Bauer and Anderson are hoping to demonstrate in their mouse model that HIV-infection cannot occur following their gene therapy treatment, providing the needed confidence in safety before embarking on clinical trials. This work and studies on the clinical use of IPS cells, Bauer predicts, will lead to a cure for AIDS.
"A real cure will come when we can replace all the hematopoietic stem cells with HIV resistant stem cells. What is so exciting is that we're clearly on the path of doing just that," said Bauer.
This work is funded by UC Davis start-up funds. Other UC Davis researchers involved in the study include Jan Nolta, director of the UC Davis Institute for Regenerative Cures, as well as institute researchers Jon Walker and Louisa Wirthlin.

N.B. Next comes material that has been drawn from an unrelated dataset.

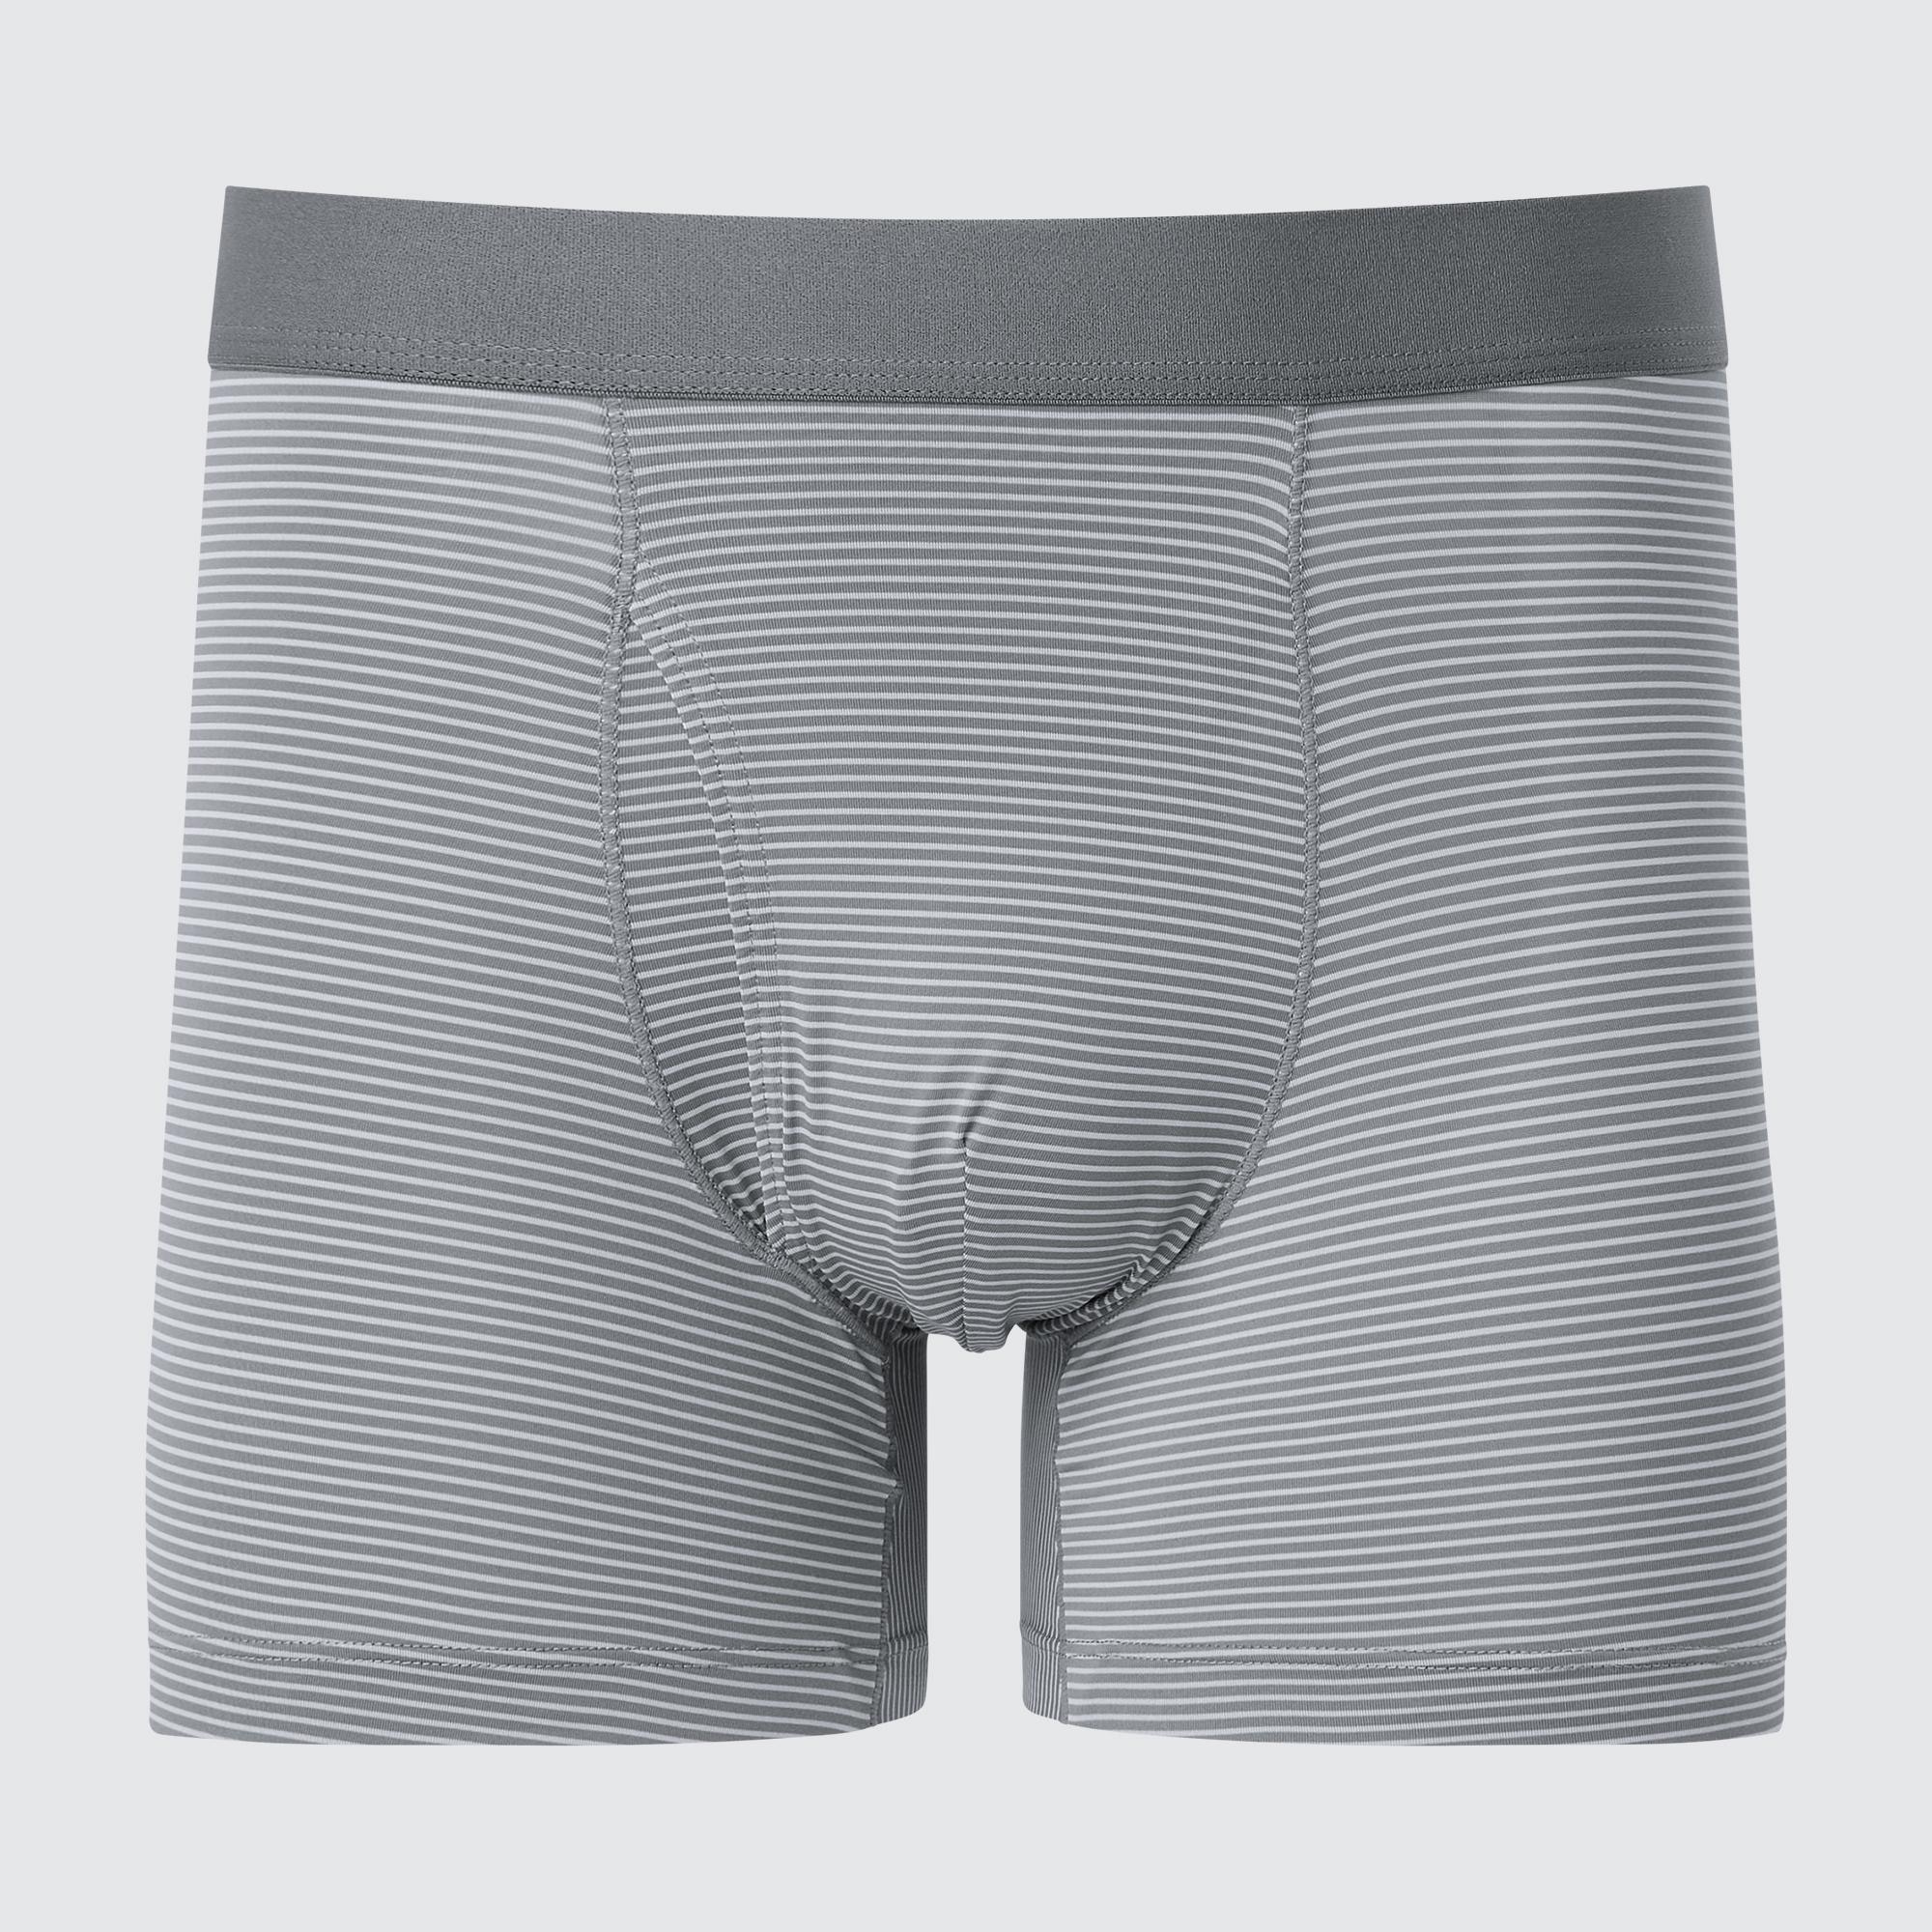 All Citizens: The Paradise Pocket Boxer Briefs are now restocked

About UC Davis stem cell research
UC Davis has more than 125 basic, translational and clinical faculty members working together on a variety of adult and embryonic stem cell investigations in Davis and Sacramento. On the Sacramento campus, the university is currently constructing a 90,000-square-foot facility that will be home to its new Institute for Regenerative Cures -- a facility supported by the California Institute for Regenerative Medicine (CIRM).
The state's stem cell agency has awarded more than $34 million to researchers at UC Davis to develop stem cell cures. The grants are designed to expedite the translation and integration of scientific research into discoveries and treatments that benefit society.
UC Davis also has the Translational Human Embryonic Stem Cell Shared Research Facility in Davis, which complements the university's Clinical and Translational Science Center and is supported by CIRM and the National Institutes of Health (NIH).
In 2005, the NIH awarded $6 million to fund a Center of Excellence in Translational Human Stem Cell Research on the Davis campus. One of only two such centers in the nation, it is focused on exploring stem and progenitor cell therapies for the treatment of childhood diseases.